4) how to be “in-character” as a historical figure is really interesting. Some characters have more famously mythic appearance than others and are thus easy to look like in an almost parodic sense— Ben Franklin, Teddy Roosevelt, and Abraham Lincoln most of all. Others have some leeway, like Washington, FDR, Grant, etc. But it still surprises me that Hamilton is like the vast majority of American historical figures in that everyone has heard his name but there’s not a common mythos of what he looks like, facially. So portraying Hamilton, you have to go entirely on body language and vocal performance, because even if you did like him, you’d still need to explain who you were.
I have Hamilton’s nose and sloping forehead, a better jawline and a worse chin. Most importantly, my hair does not and never will grow the way his did, so I can’t wear it in a queue and powder it like his; i have to rely on that single manual that said officers could wear their hair cropped close to your head. All of which is to say, I can’t pose as Hamilton, so I have to impersonate him.
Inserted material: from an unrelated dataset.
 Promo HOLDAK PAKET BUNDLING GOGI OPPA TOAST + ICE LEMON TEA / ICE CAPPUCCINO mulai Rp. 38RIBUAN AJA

The fact that we don’t have physical recordings of his style is both good and bad, as is the fact that the descriptions in the public mind are pretty open-ended. You have less to mimic, but more to create; less stuff you can directly copy, but more stuff you can shape how you want. Which is to say that if you know a character well enough— and I’ve spent around 12 or 13 years with Hamilton— you can channel the parts of your personality like theirs into your performance, while suppressing the parts unlike theirs (or consciously changing them in the act.) You are always both yourself and them, you can’t stop being yourself; the trick is to channel yourself into them (and it’s been fascinating to watch people do this.)
I am really not good at this yet, and my impression is heavily reliant on being able to compose walls of words quickly, and be generally amiable; but I can’t do his seriousness or force right. That doesn’t matter quite as much for brief engagements with individuals in a crowd, but it does for sustained stuff with other characters or in front of people. I hope eventually I’m able to leave people with the impression that they actually just saw Alexander Hamilton (and I’ve known Washington’s and TRs like this) but that will be a while.
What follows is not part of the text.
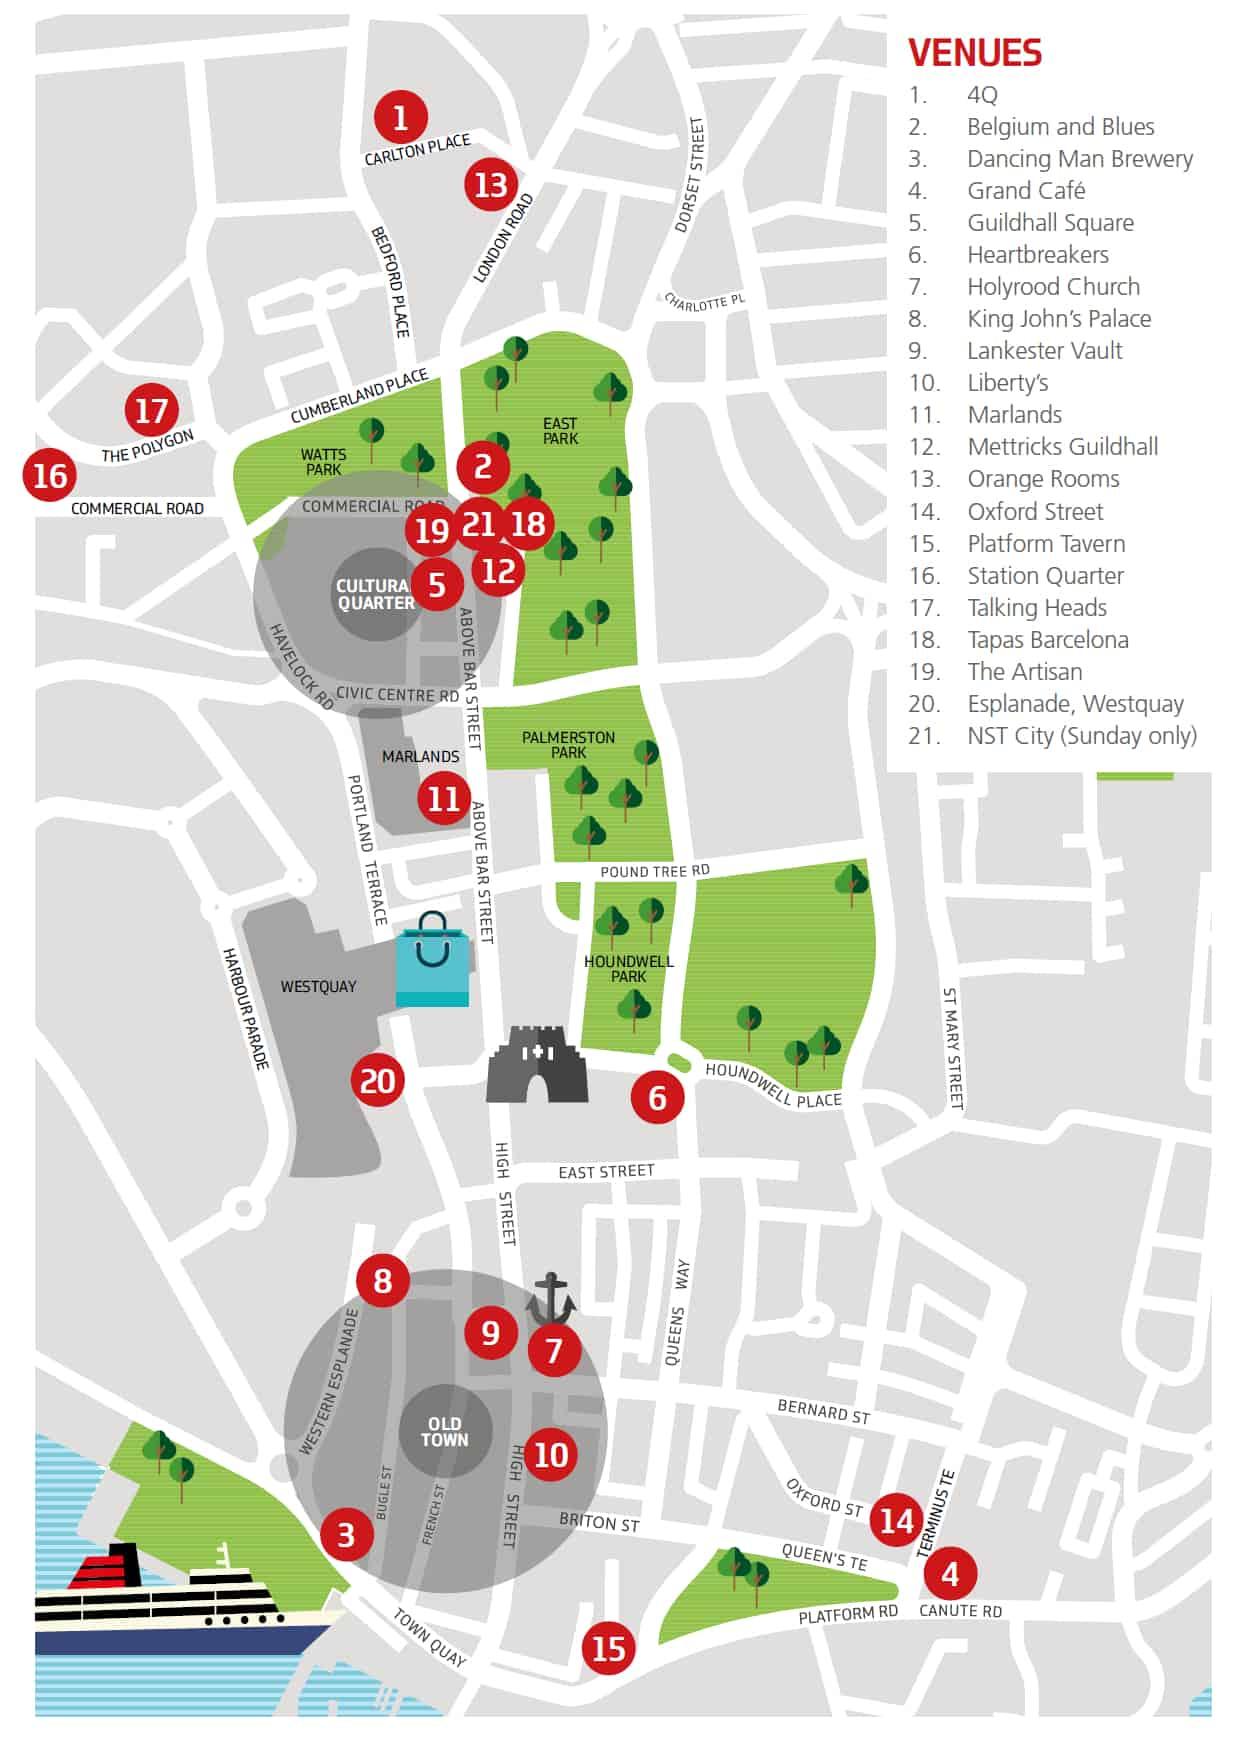 mitc-venue-map
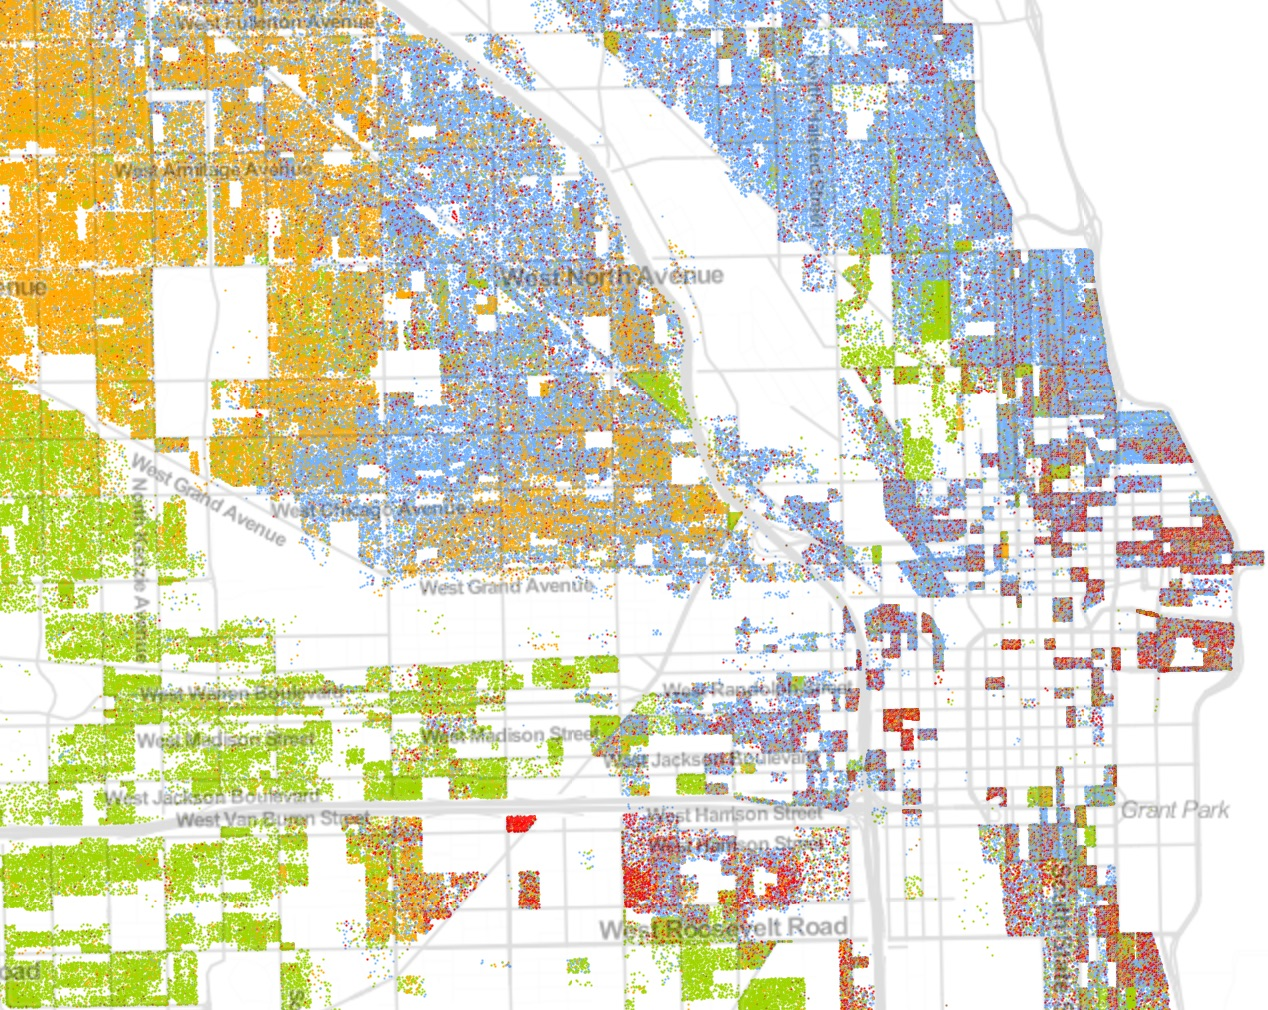 Chicago demographic data

Sort of related, there seems to always be a natural habit by good reenactors to be funny, at least in small doses. One result of this is relatability so greater ease of attention. I am finding myself wondering to what degree it diminishes authenticity or not; Franklin, Lincoln, and TR had legendary senses of humor so their reenactors doing it is entirely realistic; but should Hamilton, who is said to have been witty but not funny, do the same? What if by being more realistic you become less relatable or less easy for people to be interested in? Etc etc etc.”